Matt: You grew up in South Australia but I was reading this was the first time you’d actually made a film in South Australia. Was that the case? What was it like?
Anthony: In the 30 years prior I think I’d spent about 2 days in Adelaide. That in itself was quite a surreal journey. I caught up with old soccer mates and a bunch of extended family. It’s funny because I failed to recognise a lot of Adelaide as so much has changed over that time.
Matt: A Roy Morgan poll last year that just 8% of those surveyed felt that real estate acted with a high amount of ethics and honesty – ranking it the 3rd lowest profession behind car salesman and advertising people. Was there a lot you learned having to play one in this film?
Anthony: I’m now of an age where I’ve bought and sold a few properties and so I’ve had plenty of experience with real estate agents. I drew on some of the not-so-positive experiences to put into the character.

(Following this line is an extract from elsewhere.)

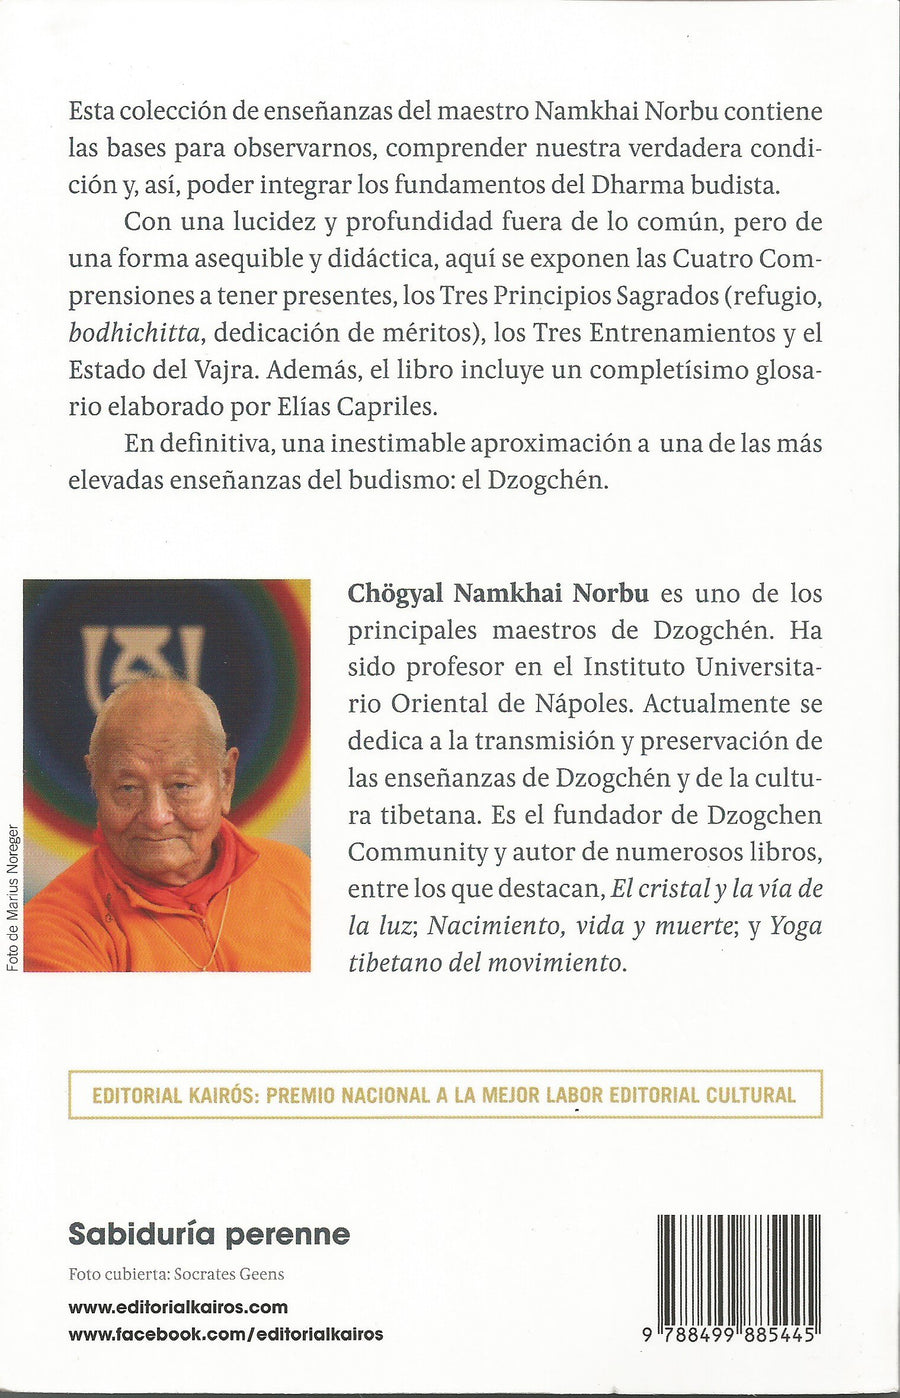 El Fundamento Del Dharma.  Una Aproximación al Dzogchén

Matt: Who came up with all the blurbs about each property that we hear you narrating in the film?
Anthony: That came from Matt as he wrote the script. His father was in real estate and I think that background knowledge also helped. Speaking the jargon felt like speaking Chinese to me.

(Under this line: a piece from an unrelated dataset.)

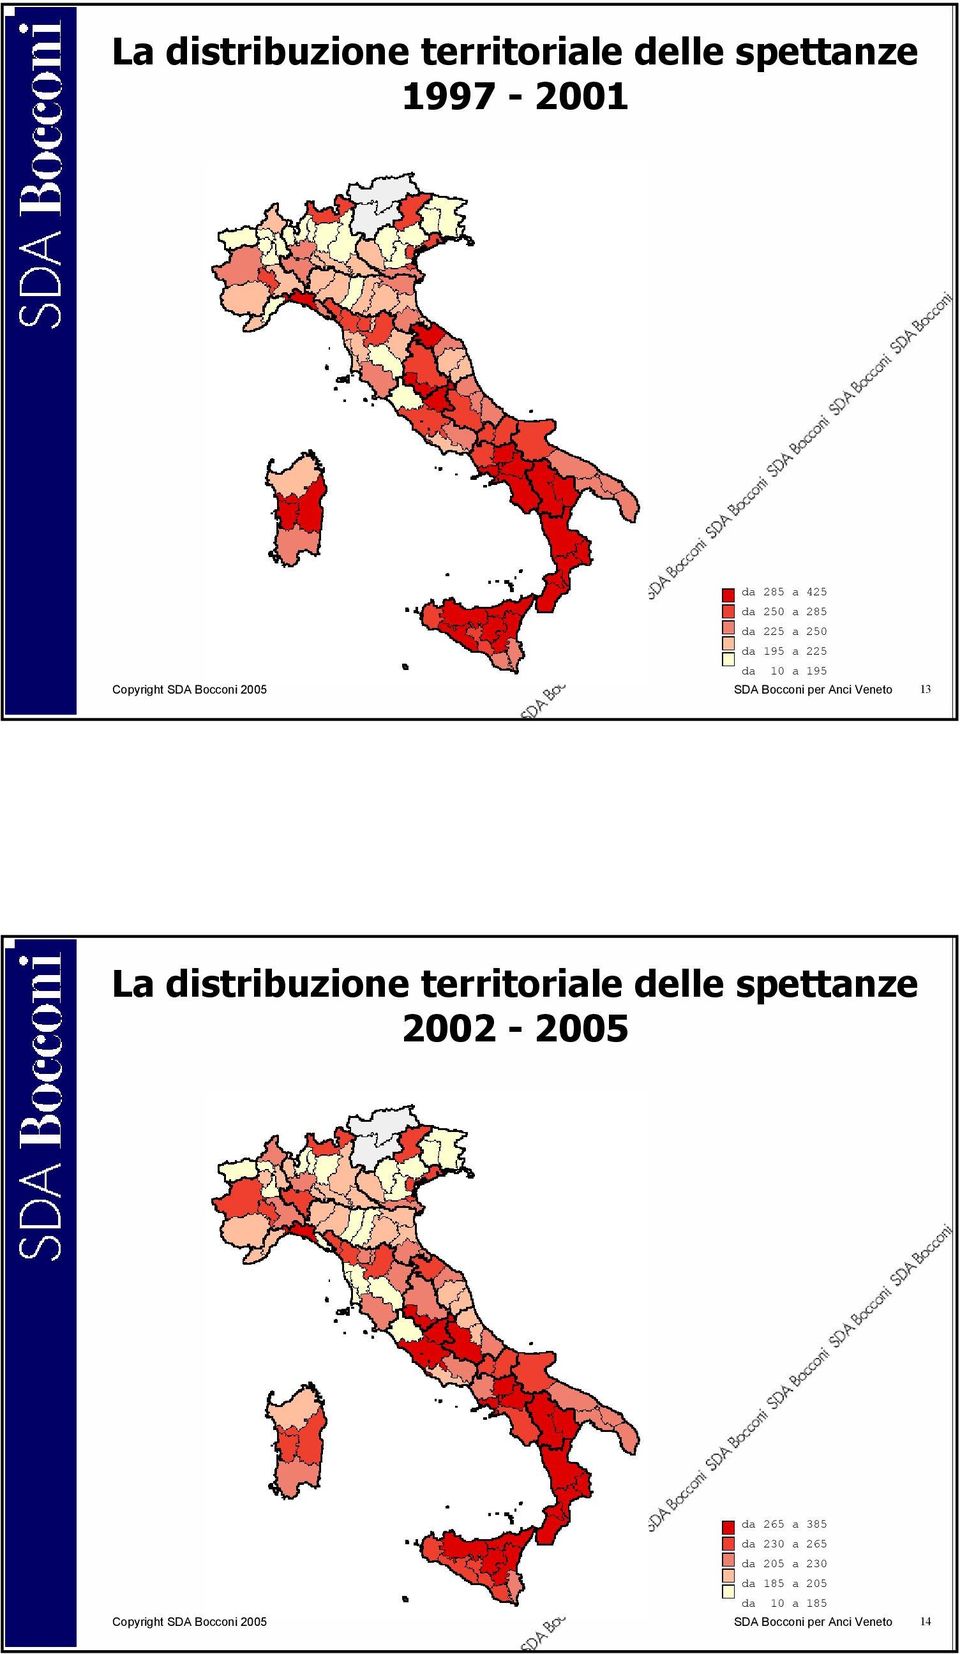 La distribuzione territoriale delle spettanze 2002-2005 da 265 a 385 da 230 a 265 da 205

Matt: You play quite a forlorn, depressed character which can often be difficult to illustrate on screen as it’s something entirely within the mind. What’s your approach? How do you go about that?
Anthony: I see film as a visual medium. It’s not radio. The less dialogue you have, the better. When you look at it on screen, you can pick up on the subtlety of a raised eyebrow or a look sideways. These things tell a story in themselves.
Matt: The plot device that brings you and Julia Blake together struck me as odd at first but then the connection that develops between you two really is the heart and soul of the movie. Was it an easy connection to build?
Anthony: When you’re working with fantastic actors, it makes you look so much better than you can be. She’s so good as an actor but also as a human. It was quite easy to develop that relationship with her.
Matt: John Clarke offers the comic relief in the film where you’re playing the straight guy and he’s the one being sarcastically humorous. I’m guessing those scenes were a lot fun?
Anthony: He has the best comic timing of perhaps anyone I’ve ever worked with. I messed up a lot of scenes with him because he’d make me laugh. You could see the crew working hard not to laugh also. You can’t teach that.
Matt: You’ve been touring the film around Australia over the past week with some Q&A sessions. What’s the reception been like?
Anthony: It’s been fantastic. You can always tell with Q&As. The response has been enthusiastic and there have been a lot of questions. A guy last night asked me about a transition from Julia’s character getting involved with John Clarke’s character’s father who was in an institution. He didn’t see how that jump could possibly happen. It shows that audiences are very astute. My theory was that Matt Saville wants audiences to work as opposed to having the emotional content of a film spoon fed to you.
Matt: A lot is made about the state of the film industry in Australia. Some are optimistic, some are pessimistic. After a record year at the box-office in 2015 with films like Mad Max: Fury Road and The Dressmaker, what are your thoughts on the state of Australian cinema at the moment?
Anthony: My views of Australian cinema are always positive. We have a track record over the last 30 years of consistently churning out world class movies. We have world class talent not just in front of the camera but also in behind the camera. Because of the lack of finance, Australian storytellers have to be so much more creative in how they achieve what they want to achieve. That energy generates ingenuity and that’s what makes Australian films unique. I’ve always said that the mistake to make is to follow the American model. It doesn’t work here because Australians have a different sensibility and a different sense of humour.
Matt: What are you working on at the moment? When will we see you on screen next?
Anthony: I’ve had a busy year working on 7 independent films. The next thing coming out will be the second series of The Code. That’s the first thing that’ll be coming out.